Fabrizio Di Mauro

Personal information
- Date of birth: 18 June 1965 (age 59)
- Place of birth: Rome, Italy
- Height: 1.75 m (5 ft 9 in)
- Position(s): Midfielder

Senior career*
- Years: Team / Apps / (Gls)
- 1983–1992: Roma / 95 / (5)
- 1984–1987: → Arezzo (loan) / 72 / (6)
- 1987–1988: → Avellino (loan) / 18 / (2)
- 1992–1995: Fiorentina / 57 / (9)
- 1993–1994: → Lazio (loan) / 21 / (2)
- 1995–1996: Reggiana / 16 / (0)
- Total:  / 279 / (24)

International career
- 1993: Italy / 3 / (0)

= Fabrizio Di Mauro =

Italian footballer

Fabrizio Di Mauro (/it/; born 18 June 1965) is an Italian former professional footballer who played as a midfielder.
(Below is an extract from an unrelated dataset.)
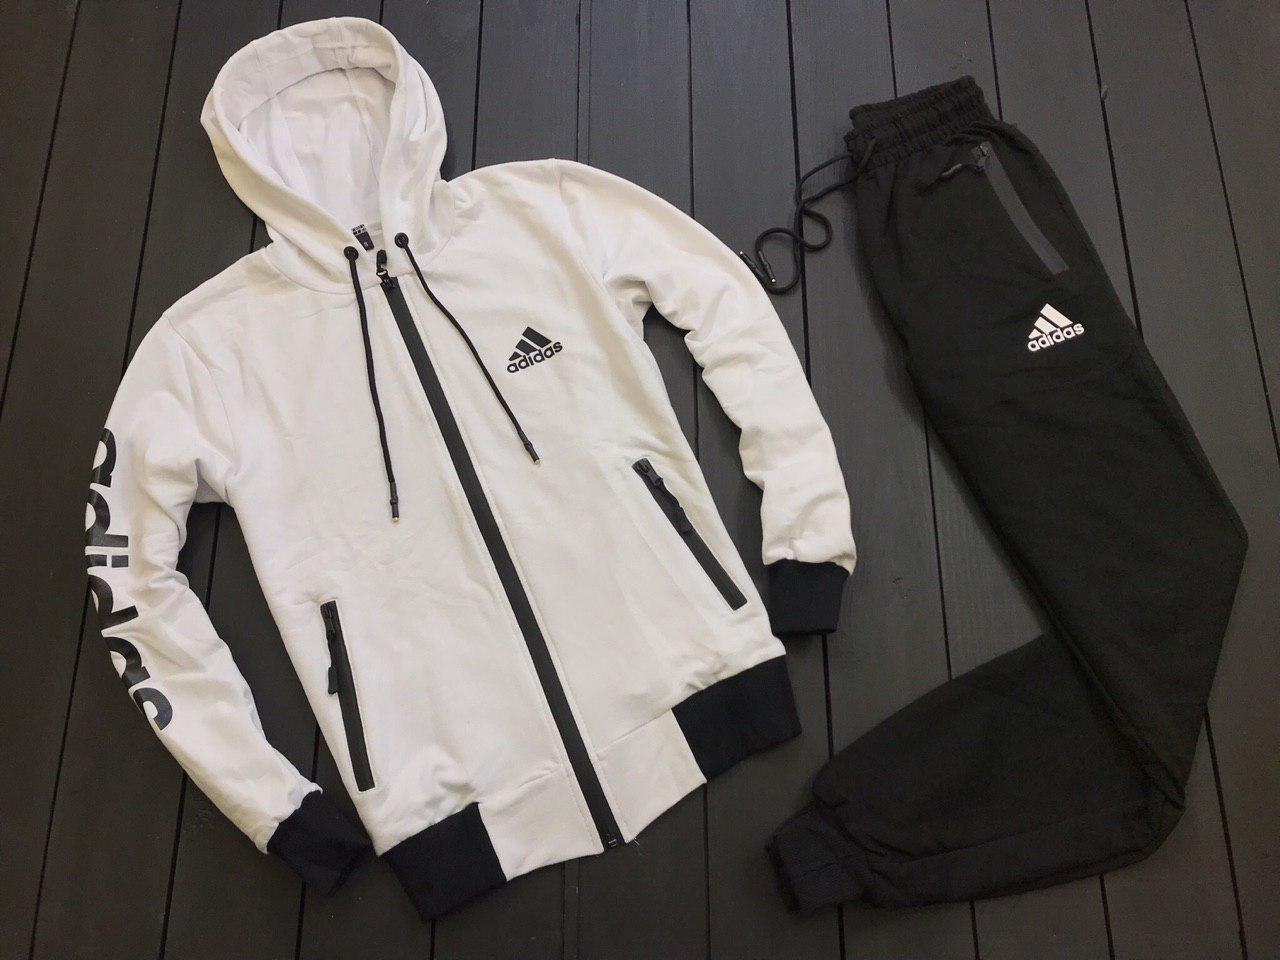 0f954400d8ad29 Спортивный костюм мужской в стиле Adidas весенний / осенний Black-White -  Panda-shop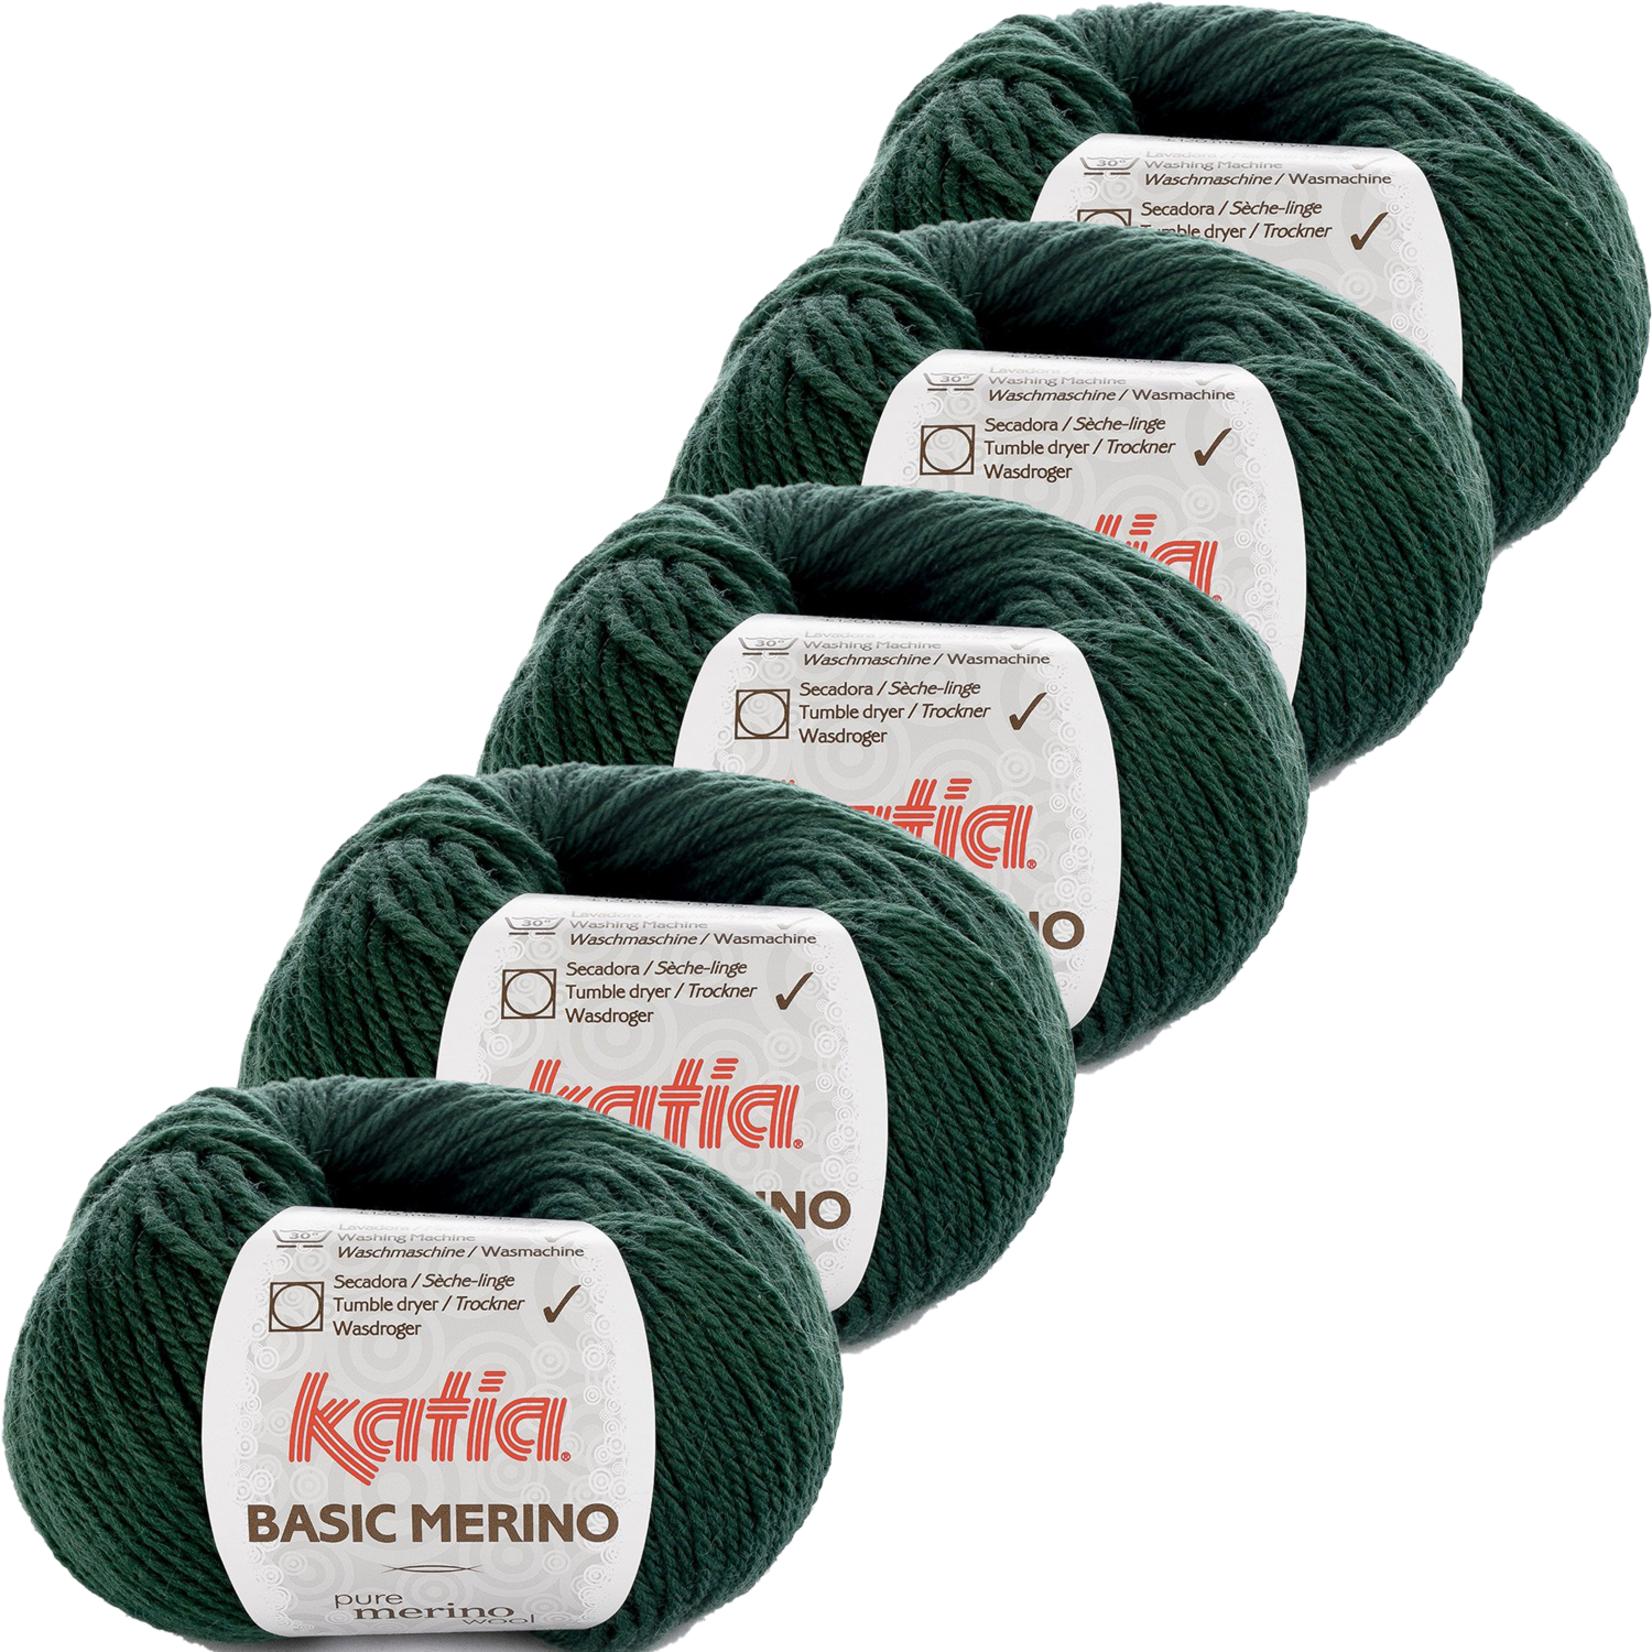 Katia Basic Merino - kleur 15_Zeer donker groen - bundel 5 bollen 50 gr.  van 120 m.

He is among the few players to play for both Roma and Lazio at senior level, winning his only honour with Roma in 1991, when the side won the Coppa Italia, also reaching the UEFA Cup final, only to lose out to Inter. He also spent a few seasons at Fiorentina, while he won three international caps with the Italy national football team, although he was not able to scorer any international goals. He was included in the Italy national squad during the team's qualification campaign for the 1994 FIFA World Cup, but was not picked for the final squad, following a lack of regular match-practice with Lazio the same season.